BEGIN
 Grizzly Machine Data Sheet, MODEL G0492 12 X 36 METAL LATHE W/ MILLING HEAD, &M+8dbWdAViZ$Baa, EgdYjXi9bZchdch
END
BEGIN
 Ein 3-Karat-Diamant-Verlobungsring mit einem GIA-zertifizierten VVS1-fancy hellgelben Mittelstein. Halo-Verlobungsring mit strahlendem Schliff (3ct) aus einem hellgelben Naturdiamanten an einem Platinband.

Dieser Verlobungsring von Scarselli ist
END
BEGIN
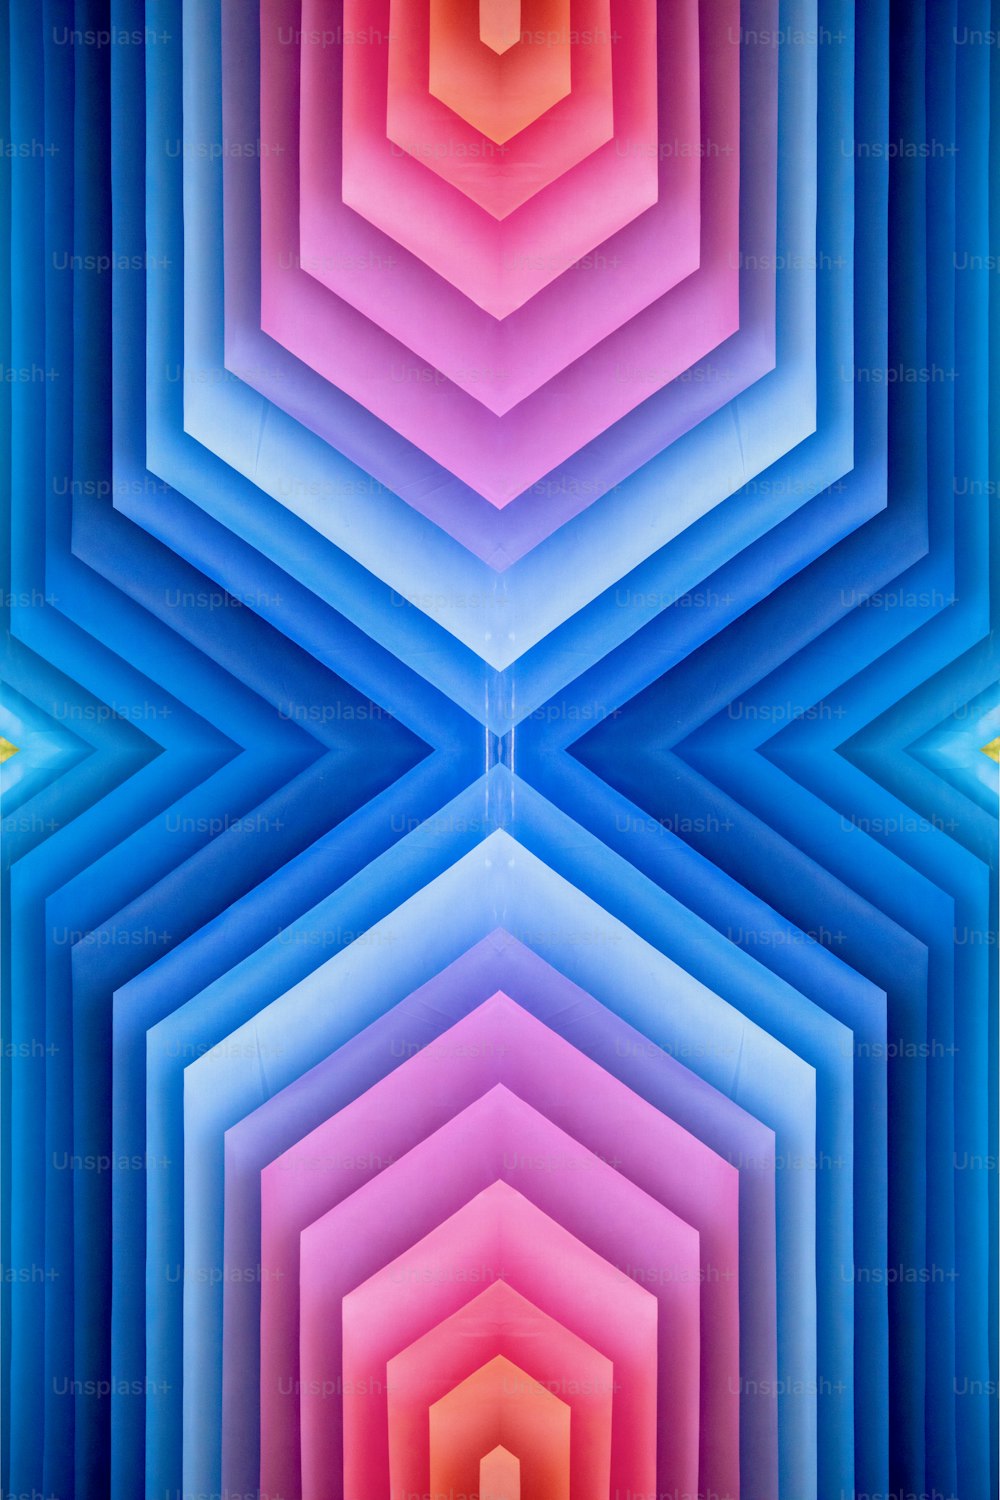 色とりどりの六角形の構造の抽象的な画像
END
Using the material above, please count the lines in which the word "Verlobungsring" occurs and give the number with nothing added.

• RESULT OF THIS TASK:
2